Friday, September 8, 2017

Partnering with machines: 4 scenarios for the future

Following on from yesterday's post about the impact technological innovation and change will have on the workforce, this post is about 4 possible scenarios for the future of work as jobs become increasingly automated.  Yesterday's post was about the 2 trends evident today:  the rise of smart machines and the decline of full-time employment.  This post projects into the future, to 2040, and looks at how these trends might play out and how education will need to change in order to adapt to these futures.  There may be either low or high technological displacement, and governments may take an active or passive role in these changes.  I have adapted the graphic in Redefining Readiness for the Era of Partners in Code from KnowledgeWorks.

Scenario 1 - Partnering for Mobility
In this future automation has eliminated some jobs and changed others, however at the same time new jobs have emerged.  While manual tasks are mostly being done by machines, there is still the need for high-value services.  The most common employment is "mosaic careers" and jobs are those that rely on completing short-term projects lasting several months to a year.  Companies use predictive analytics to project their workforce needs, and provide skill development to meet their needs, so reskilling and upskilling are constant.  The defining characteristics of this future are:

  • partnerships between people and machines
  • data-driven feedback to help people develop mosaic careers
  • workforce analytics that support the design of adaptive career pathways
  • more emphasis on micro-credential and certificates
  • lifelong learning
Impact on education:  schools and universities need to help students develop human-machine partnerships in ways that augment and leverage their uniquely human capabilities.

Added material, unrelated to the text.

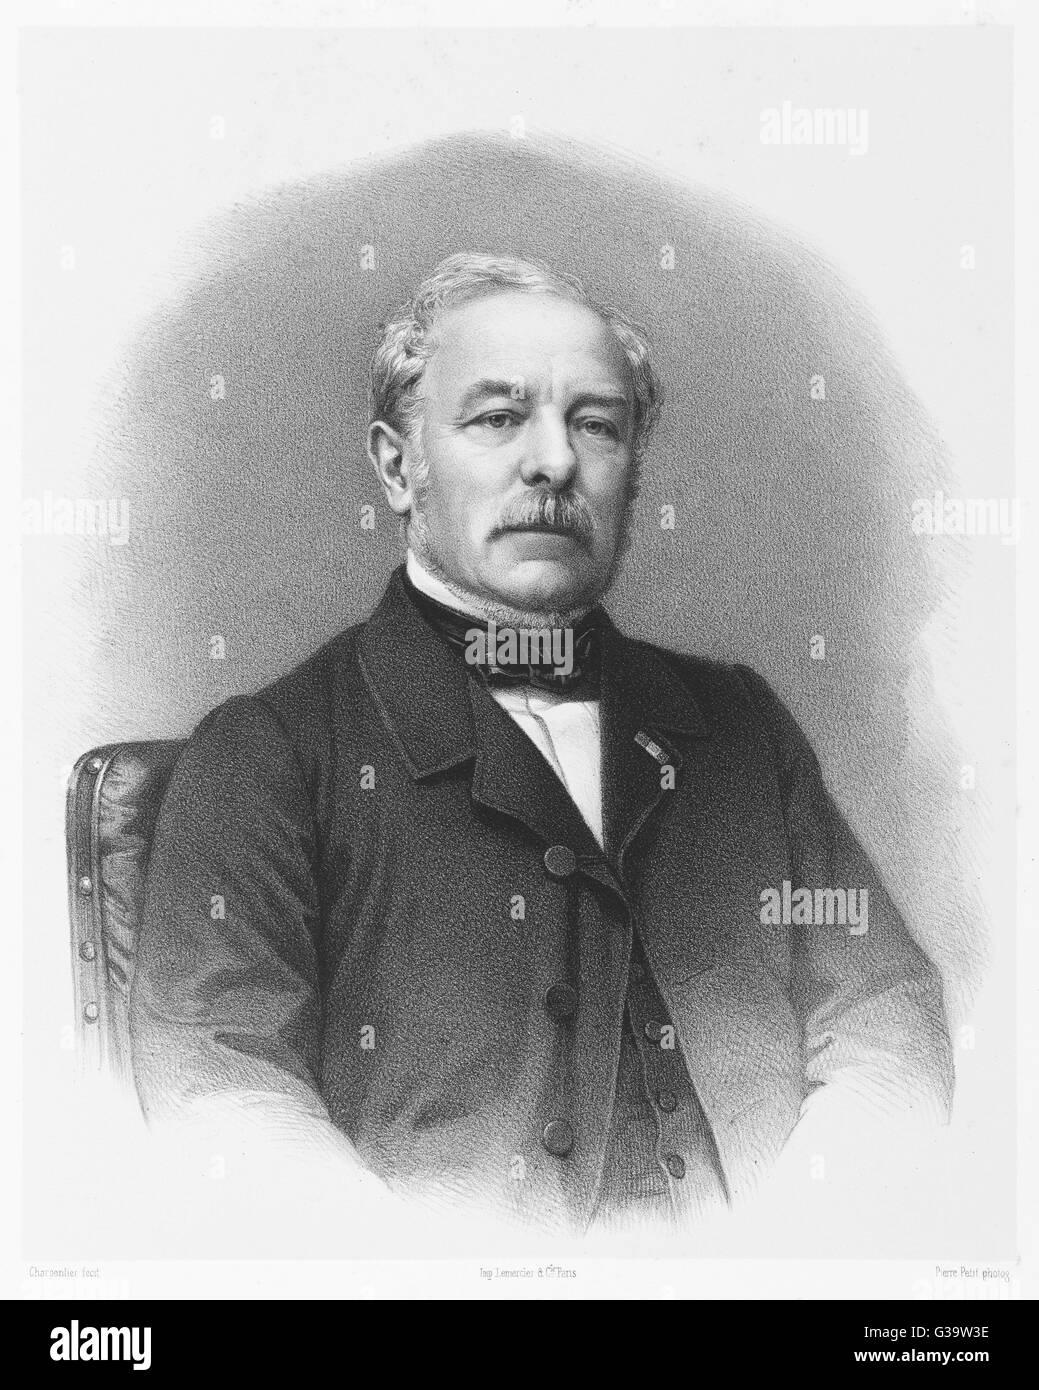 Etienne-Jules Adolphe, Desmier  de Saint-Simon, vicomte  d'ARCHIAC  French geologist and  mineralogist     Date: - Stock Image

Scenario 2 - Checking for Upgrades
In this future workers are seen as "professional nomads", charting their own paths, juggling multiple contracts and moving from one short-term project to another, where they build their own capacity and professional networks. Jobs are tied to the emerging needs of organizations that are reconfiguring work processes by using AI and smart devices, as in general employers concentrate on doing more with less people.  Full-time positions, if they can be found, are likely to average 1-3 years.  Keeping current with digital tools will be necessary in these integrated environments, along with building a solid reputation and strong support networks.  In this scenario low-skill workers are likely to scramble to keep up with the rapid pace of change.  The defining characteristics of this future are:
  • extensive human-machine partnerships leading to fewer full-time employees
  • individuals must take responsibility for staying relevant
  • a mixed response to the new automation infrastructure
Impact on education:  educators will need to learn about AI and schools need to foster flexibility to prepare students for ongoing learning in uncertain environments.

Scenario 3 - Finding New Meaning
In this future AI and automation enable a new social infrastructure in which paid work is just one of several options (which implies some sort of universal basic income to buffer people against changing economic conditions).  In turn this may lead to more opportunities for meaningful work with social purpose, such as relationship-intensive caring roles.  Such roles as nurses, educators and care providers will combine AI with human expertise.  In this future with mass production of cheap products, more value may be placed on unique artisanal products.  Community infrastructure projects may be compensated in the form of vouchers or credits for goods and services.  With less traditional careers, education will need to reevaluate its purpose.  The defining characteristics of this future are:
  • a human-centred economy that drives growth in the arts and civic projects and in the caring professions
  • education shifting to more emphasis on personal growth rather than skills needed for the job market
Impact on education:  schools will need to prepare students for a world in which paid work may not be the primary organizing principle and will need to promote lifelong learning.

Scenario 4 - Working the Platforms
In this (dystopian) future there will be intensive automation and extreme taskification with workers being involved in fragmented short-term work.  Low-skilled workers will need to compete for jobs locally, whereas middle-skilled workers will be competing globally for professional and knowledge work.  University degrees will be regarded as luxuries, and most people will find jobs through work-life logs that give evidence of quantifiable performance metrics.  There will be chronic unemployment and under-employment, and a shrinking tax base will lead to strained public infrastructure and services.  The defining characteristics of this future are:
  • extreme taskification
  • quantified workers heavily monitored and evaluated through data capture and analytics
  • traditional certificates and degrees replaced by work-life logs showing proof of experience
Impact on education:  the focus will be on helping students cultivate their personal brands and on reputation management.

Personally I find this final scenario very difficult to contemplate!  The final 5 pages or so of the report deal with opportunities for education.  This is where I'm going to be focused for my next blog post.


  1. This is so good and visionary! I'm inspired by your thought process. I'm currently developing a cutting-edge research program on 'smart businesses' and one of our main research interests is if organizations would be able to (strategically) collaborate with (networks of machines) to find new business opportunities.

    1. Thanks Jan, I've been looking at The Future Of Learning information on the KnowledgeWorks website. It's fascinating. I'm part of a visioning team at my school and we certainly want to be able to prepare students for whatever the future may bring.